Ultimately rain prevented the Priory juggernaut from catching further speed on Saturday. After a revitalising victory over Pacific, the Caribbean flair of White Star from the other side of the world were in town for a much loved match between two sides who play the game in the right spirit. Competitive on the pitch but fun and playful off it

The game brought back fond memories of Priory’s historic chase last season and two of the three match winners that day, Dharmesh and Vasa were in the squad and eager for a repeat performance. However the day started with much anxiety for Priory, they lost the big hitting Gaurav and shortly afterwards their inspirational skipper Sandeep also had to pull out. For any normal team this would have constituted a crisis, not Priory Park CC
Modern technology allows tactics and strategy to be changed at pace and a simple message on Whatsapp allowed Sandeep to instigate a new skipper for the day, the ever reliable and experienced Hambo. Upon hearing this news the players in the Priory ranks were immediately reassured, safe in the knowledge that under Hambo’s stewardship Priory still had a great chance of winning.

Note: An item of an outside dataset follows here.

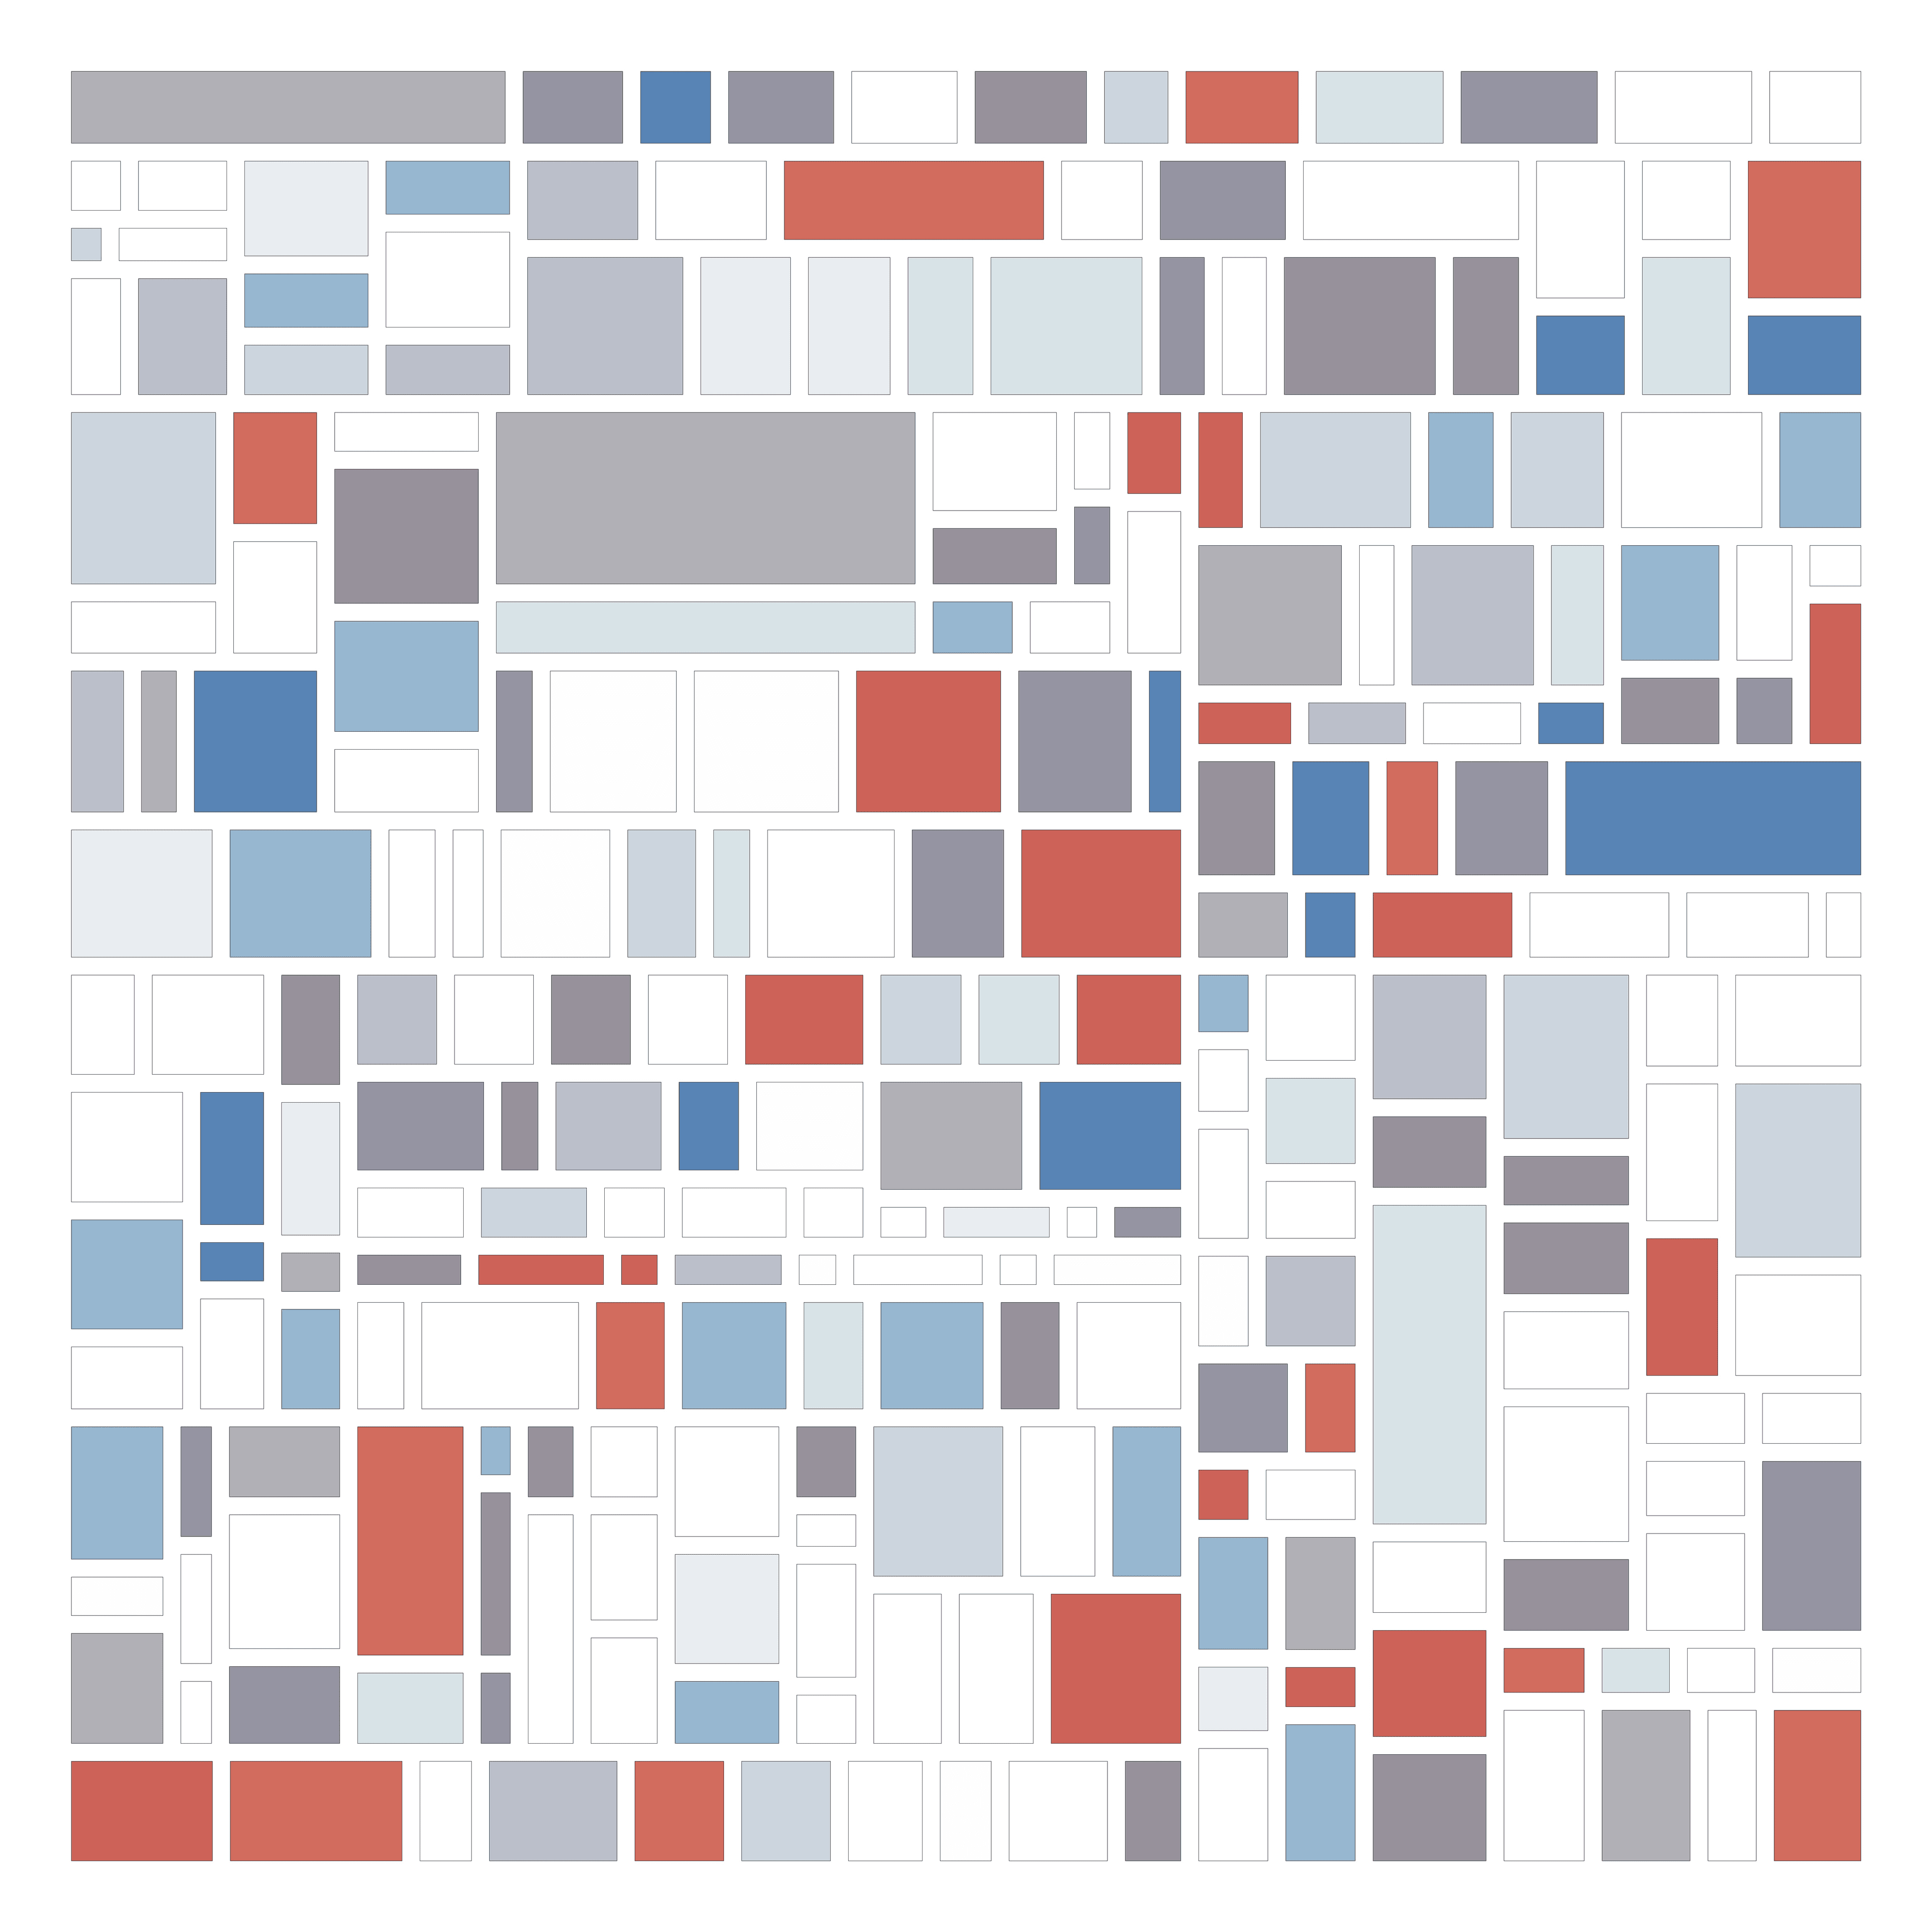  '256b' - Mondrian Inspired - MooniTooki Project - Art from Crypto Data

Indeed experience was certainly a theme of Priory’s line up as the average age must have risen above 35 for this first time this season. Along with Hambo Priory brought back veterans Rajiv and Nitin to complete a solid but commanding batting line up. At the toss however Hambo used his experience and assessed the overhead conditions he was greeted with. Having won the toss, Priory inserted White Star into bat on a dark and wet day, ideal for swing and seam bowling

Hambo opened up with Priory’s pacey big allrounder Hitesh and combined him with the accurate and tricky Vasa. With White Star being typically laid back players were running late so they had to open up with big hitters normally reserved for the middle and late order. Vasa relished having the new ball and got a wicket in his first over with a bit of inswing that made the batsman edge onto his own stumps. Not wanting to be outdone H claimed a wicket in his next over with a beautiful piece of bowling after setting up the batsmen with some quick back of a length deliveries before following up with a full quicker ball

With something in the pitch at both ends the bounce from down the slope was providing Hitesh some added heat. Before the start of the game everyone was second guessing who would take the gloves for Priory, would it be the stand in skipper Hambo, the returning chatterbox Rahul or Priory’s Chairman Rajiv? Those who hadn’t seen Rajiv behind the stumps were in for a pleasant surprise. The experienced Chairman has reflexes faster than a young cat, he relies on nous and technique as opposed to agility and speed however these sets of skills proved equally effective. With the uneven bounce byes were limited as Rajiv caught everything at chest and head height. He then demonstrated a further quality that probably distinguishes why he is Chairman of such a great club, courage. After being hit on the head gallantly attempting to stop a frighteningly quick short of a length delivery from H, Rajiv composed himself, requested the services of a helmet and then strapped on his gloves and pads again in the full knowledge that Hitesh’s pace would be unrelenting. The experienced veteran would have had many a battle against quick West Indians over the years and it rekindled memories of an ageing Brian Close coming out to bat for a depleted England side to face Wes Hall and Charlie Griffith (you can tell this report is aimed at our more experienced members) brave until the end. Form is temporary, class is permanent.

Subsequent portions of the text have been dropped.